• **REQUIREMENT**
Line for line, return the data exactly, omitting all pictures.

• **DATA**
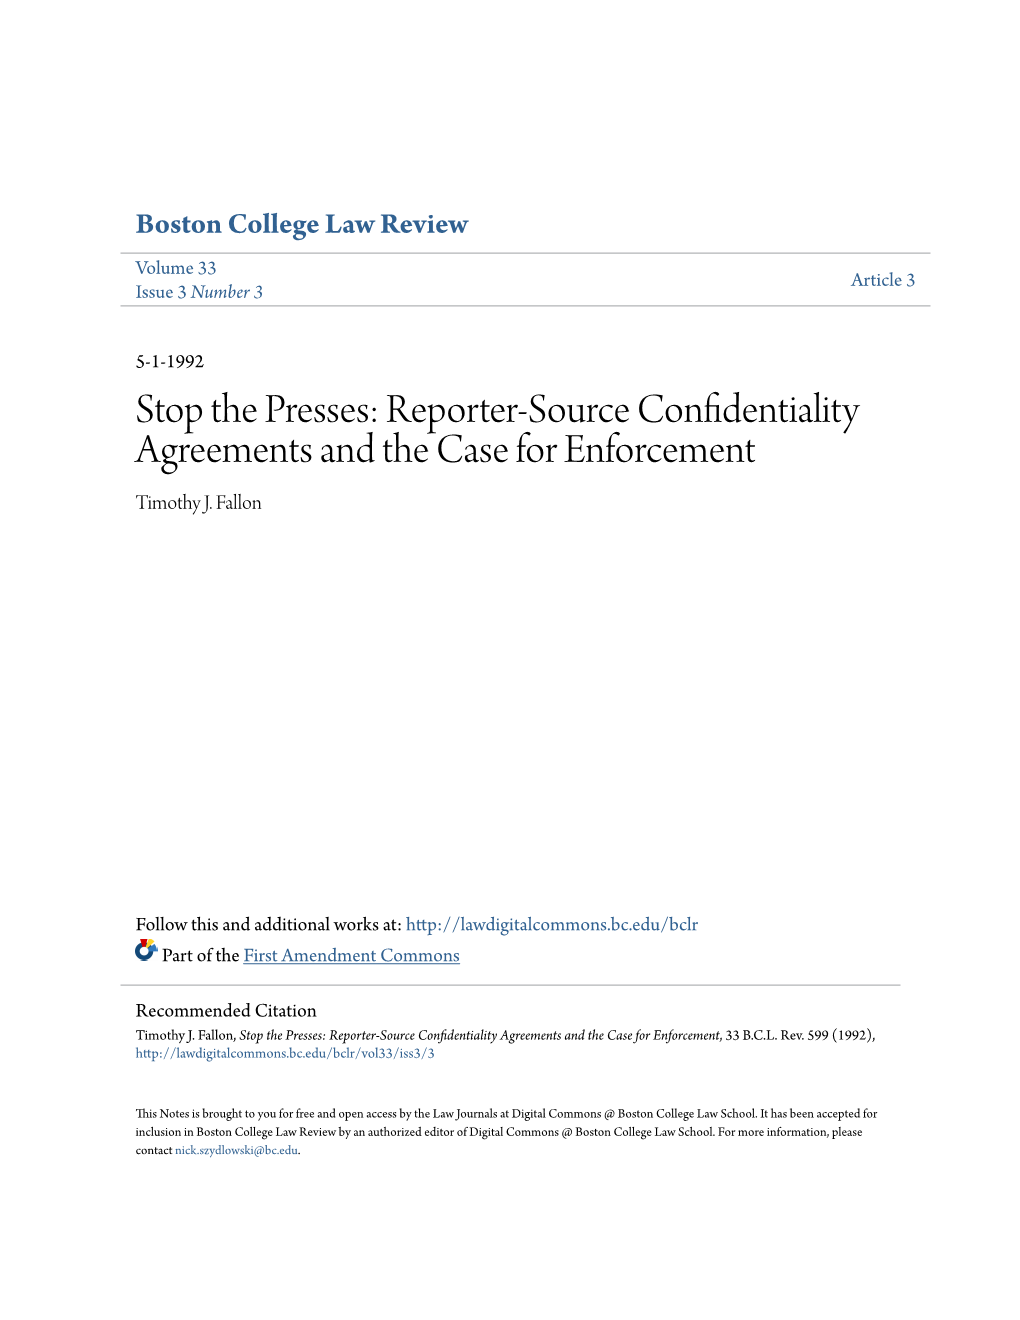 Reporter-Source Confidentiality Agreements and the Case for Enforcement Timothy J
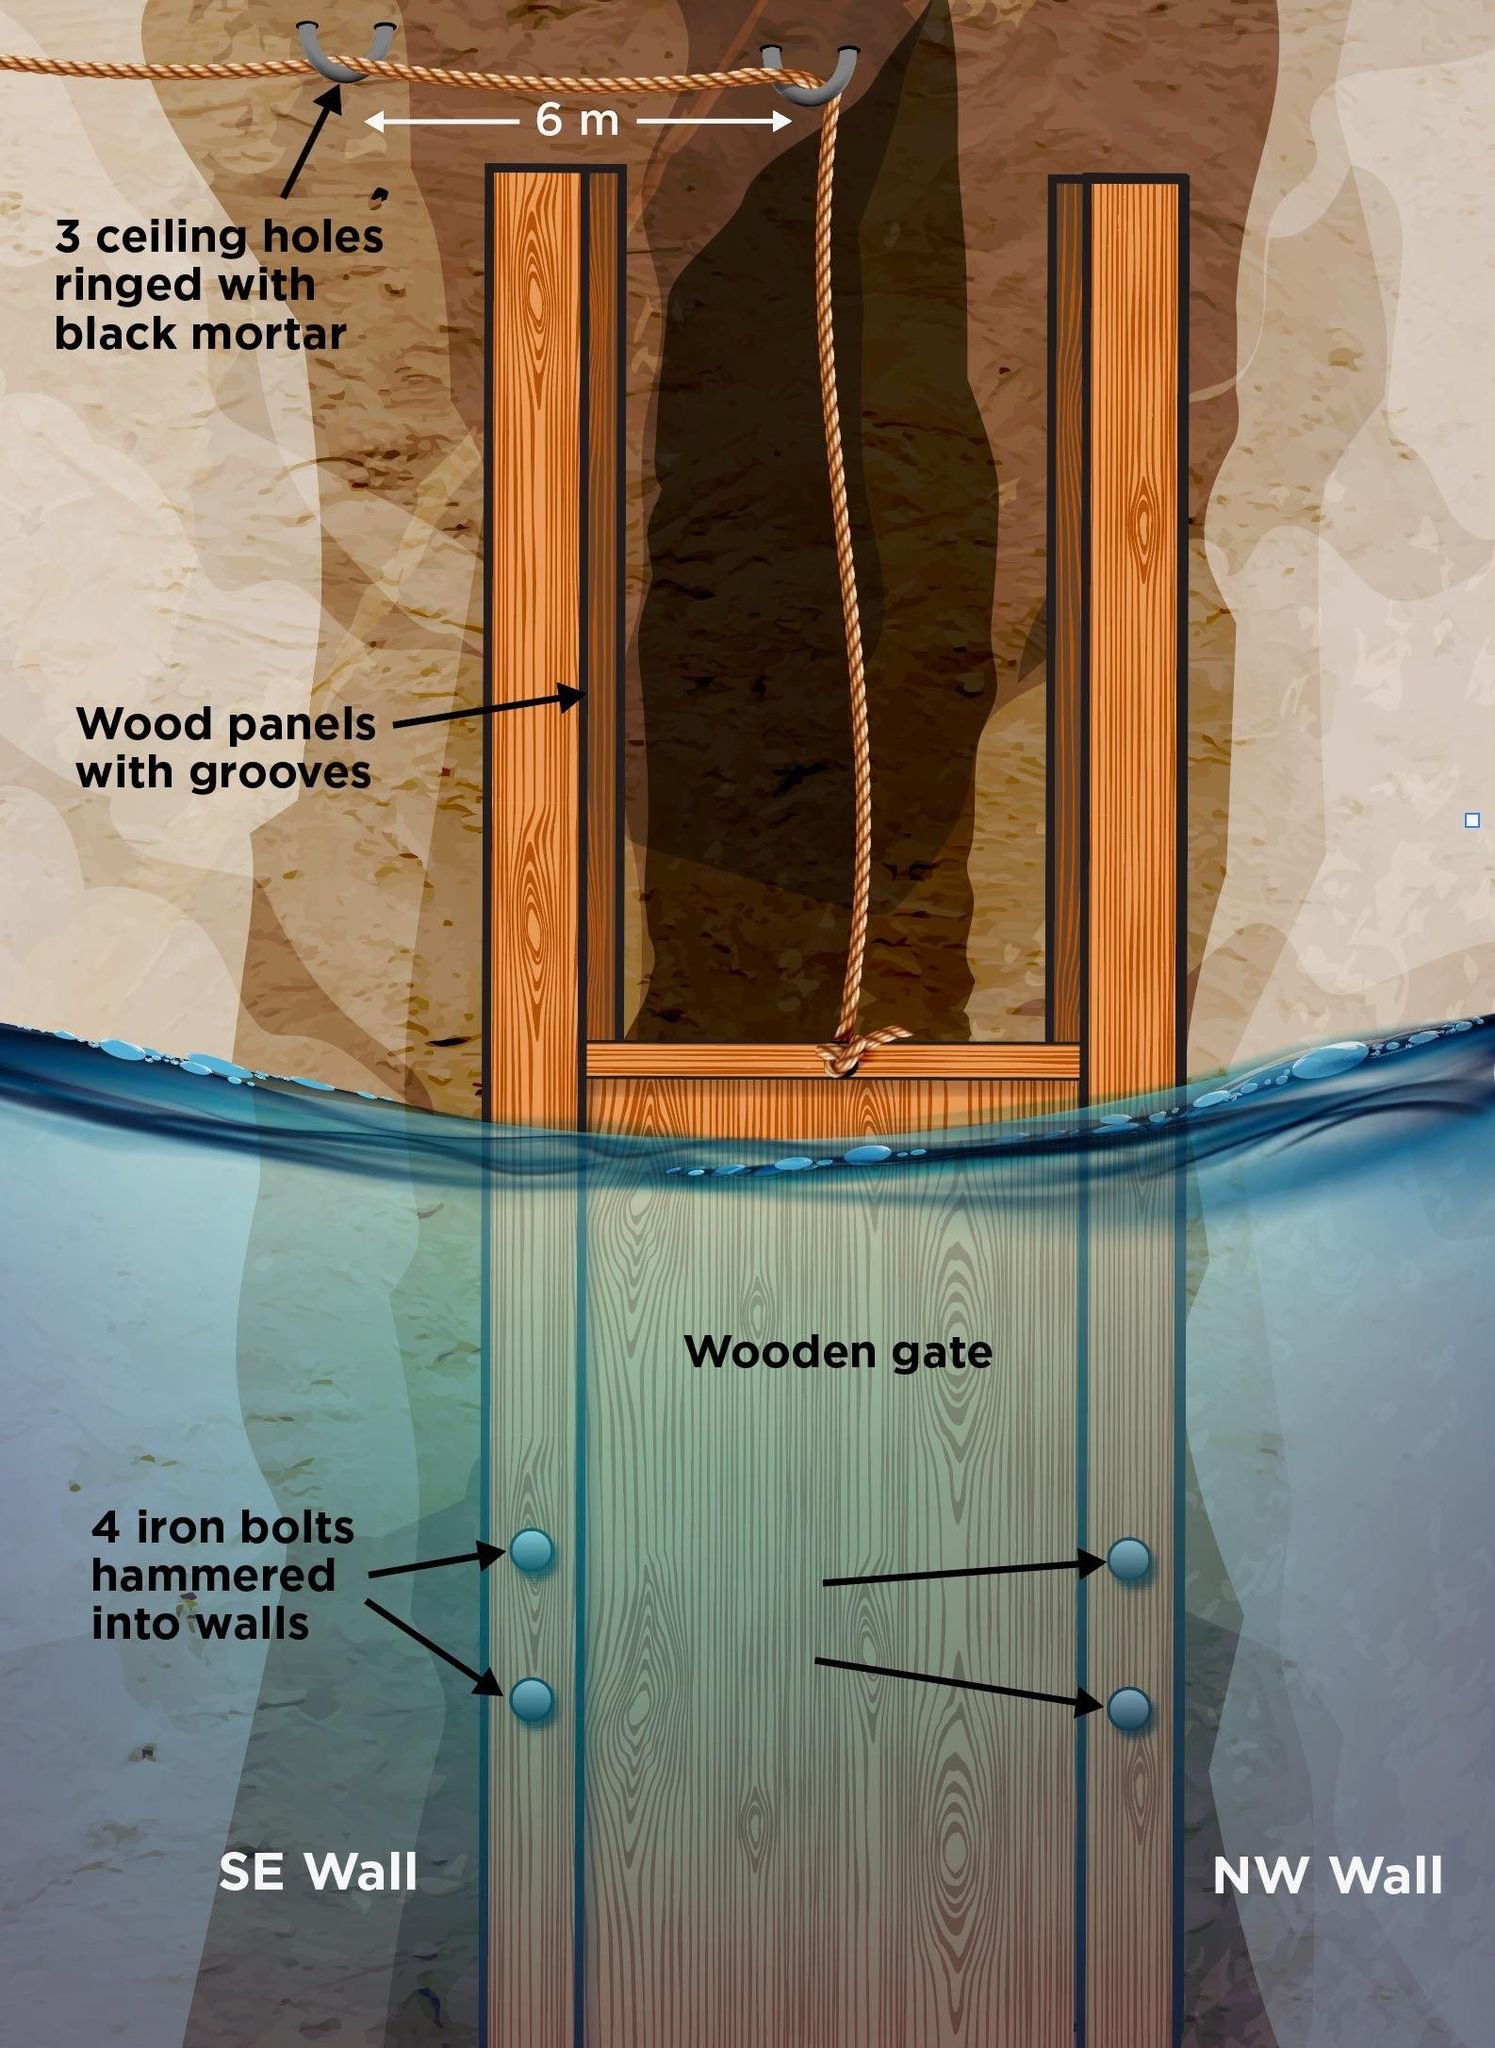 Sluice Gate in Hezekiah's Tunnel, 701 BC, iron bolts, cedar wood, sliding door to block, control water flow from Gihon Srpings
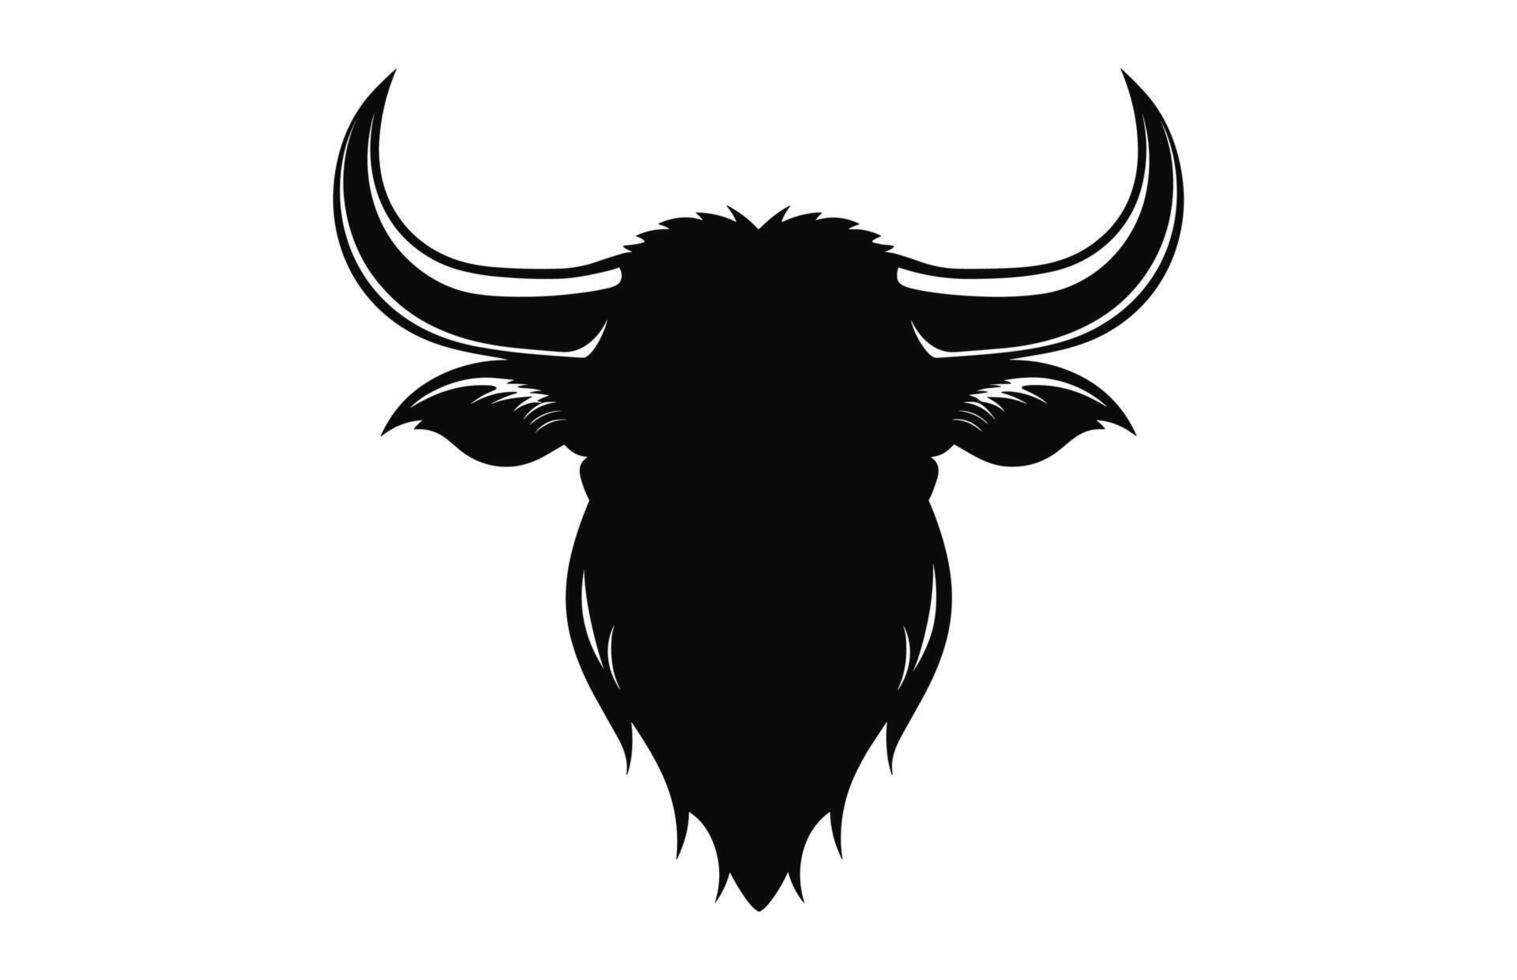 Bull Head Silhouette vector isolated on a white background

• **WRITTEN RESPONSE**
 Reporter-Source Confidentiality Agreements and the Case for Enforcement Timothy J
 Sluice Gate in Hezekiah's Tunnel, 701 BC, iron bolts, cedar wood, sliding door to block, control water flow from Gihon Srpings
 Bull Head Silhouette vector isolated on a white background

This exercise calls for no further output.